Hugging Face Spaces is a repository of AI apps created and submitted by community users, allowing other members to demo them.


“Earlier this week our team detected unauthorized access to our Spaces platform, specifically related to Spaces secrets,” Hugging Face warned in a blog post.

“Consequently, we suspect that a subset of the voids' secrets could have been accessed without authorization.”

Hugging Face says it has already revoked the authentication tokens in the compromised secrets and notified those affected by email.

However, they recommend that all Hugging Face Spaces users refresh their tokens and switch to fine-grained access tokens, which allow organizations to tightly control who has access to their AI models. Is.

The company is working with external cyber security experts to investigate the breach and report the incident to law enforcement and data protection agencies.

The AI ​​platform says it has been tightening security over the past few days due to the incident.

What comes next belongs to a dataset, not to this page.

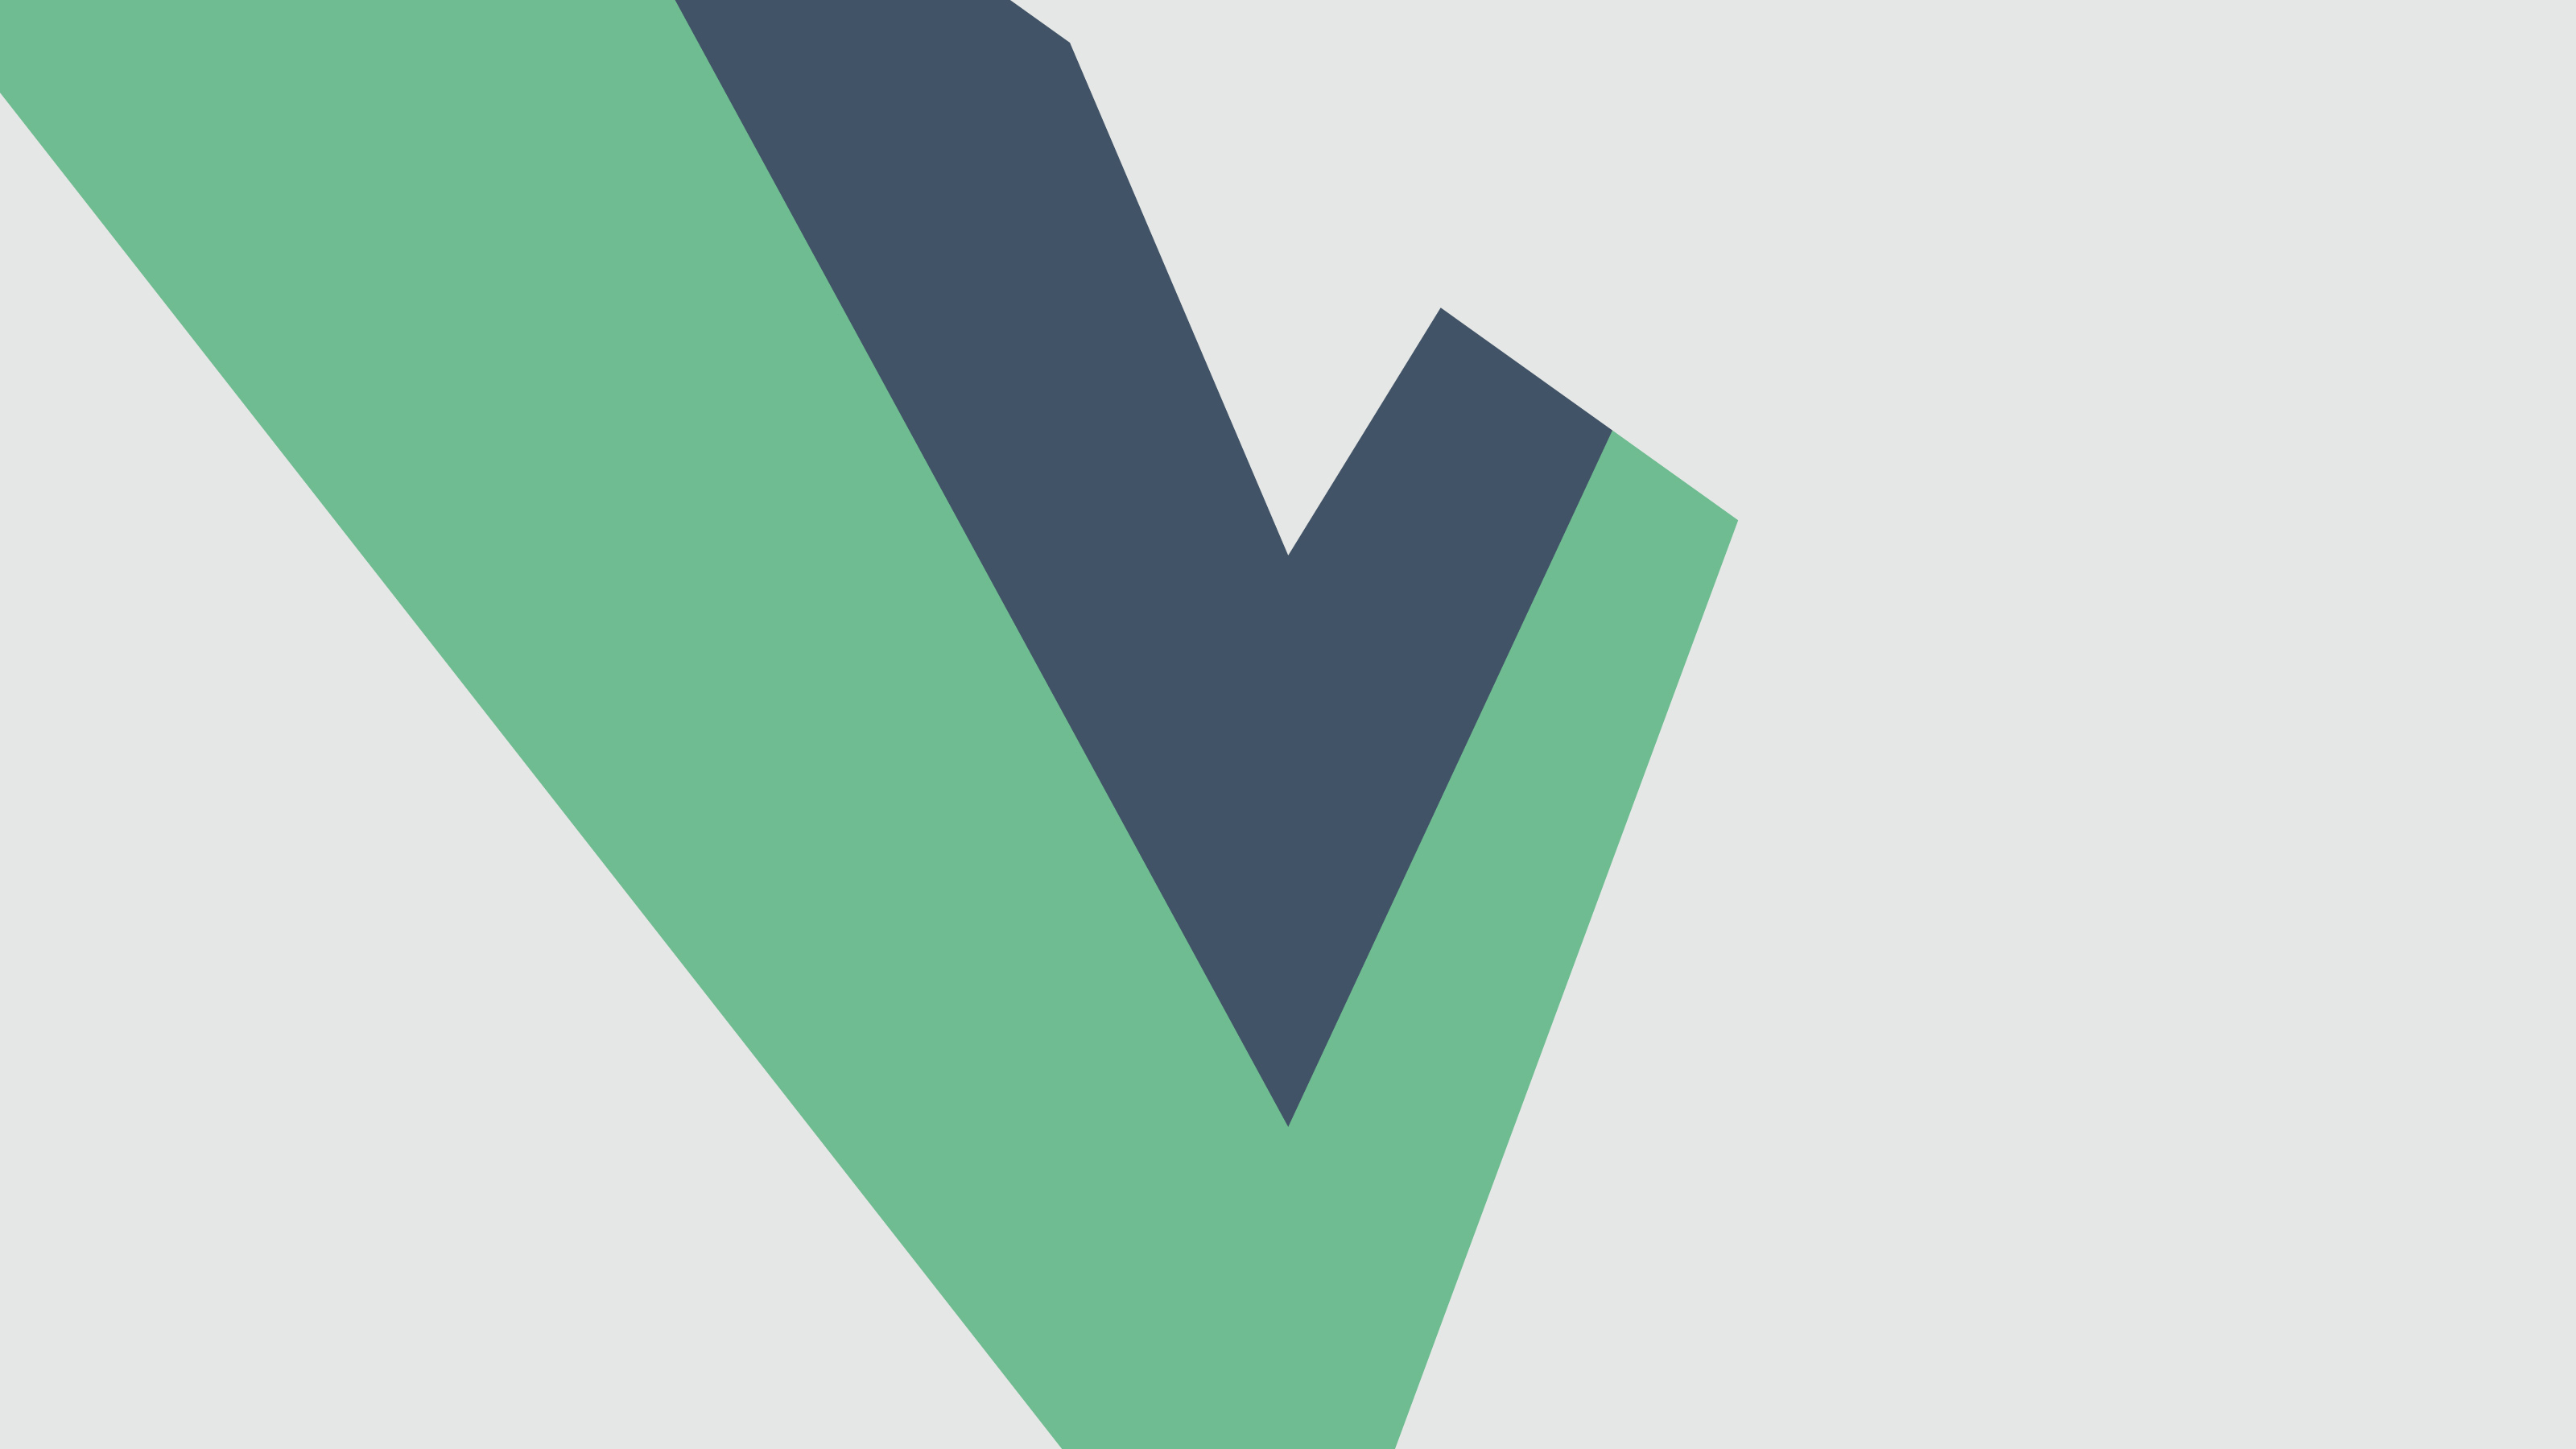 A report and select presentations from Vue.js Amsterdam 2019
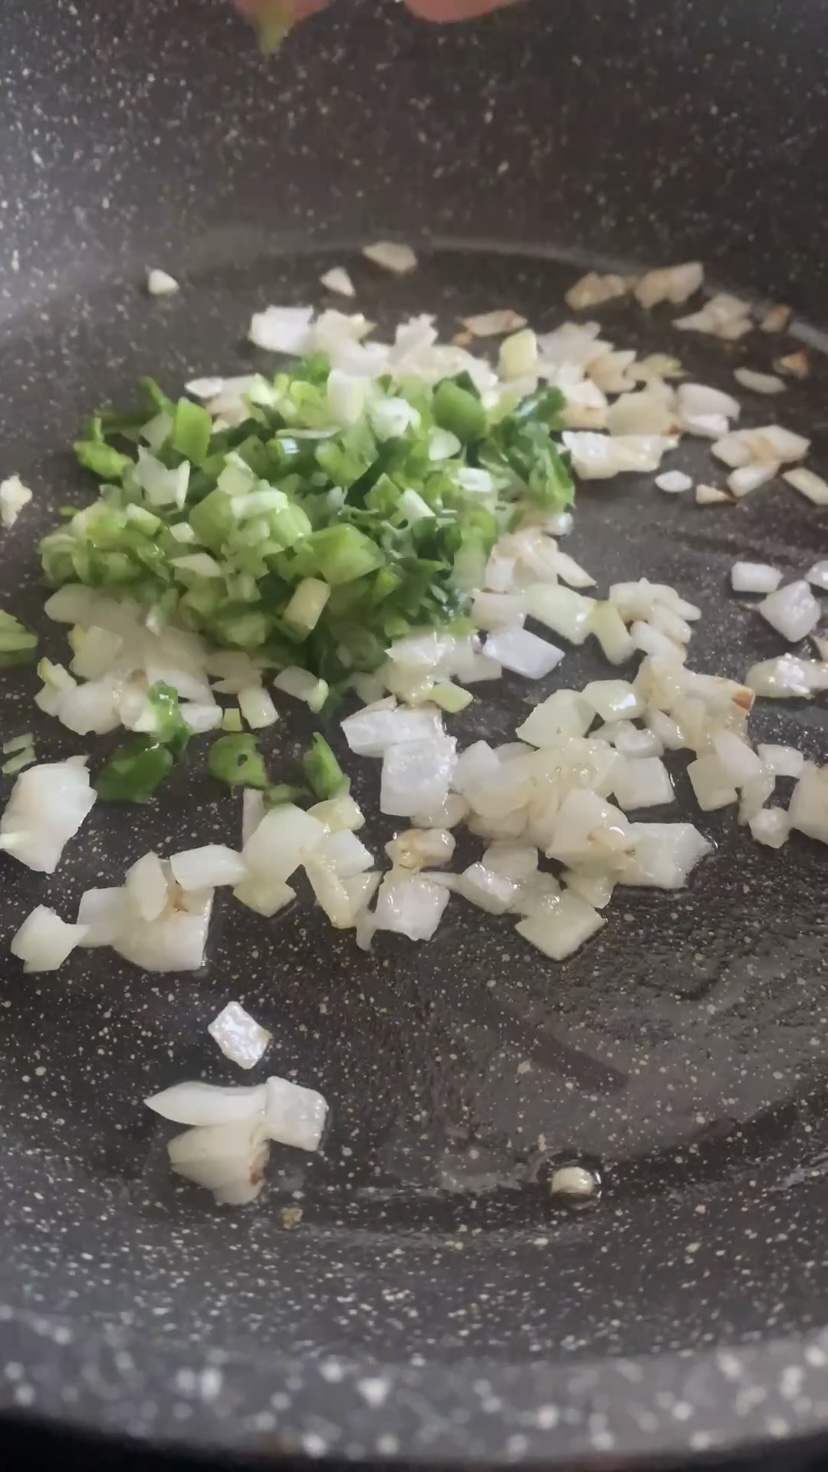 Cooking onion and green onion.

“Over the past few days, we've made other significant improvements to the security of the Spaces infrastructure, including the complete removal of org tokens (resulting in increased traceability and audit capabilities), for Spaces secrets. Implementing, strengthening and expanding the Key Management Service (KMS) to improve our system's ability to identify and proactively invalidate leaked tokens, and generally improve our security across the board. We plan to fully deprecate “classic” read and write tokens in the near future, as soon as fine access tokens reach the feature we will continue to investigate any potential related incidents.”

❖ A huggable face

As hagging face has grown in popularity, it has also become a target for threat actors, who seek to misuse it for malicious activities.

In February, cybersecurity firm JFrog found nearly 100 instances of malicious AI ML models being used to execute malicious code on a victim's machine. One of the models opened a reverse shell that allowed a remote threat actor to gain access to the device running the code.

More recently, security researchers at Wiz discovered a vulnerability that allowed them to exploit a container escape to upload custom models and gain cross-tenant access to other users' models.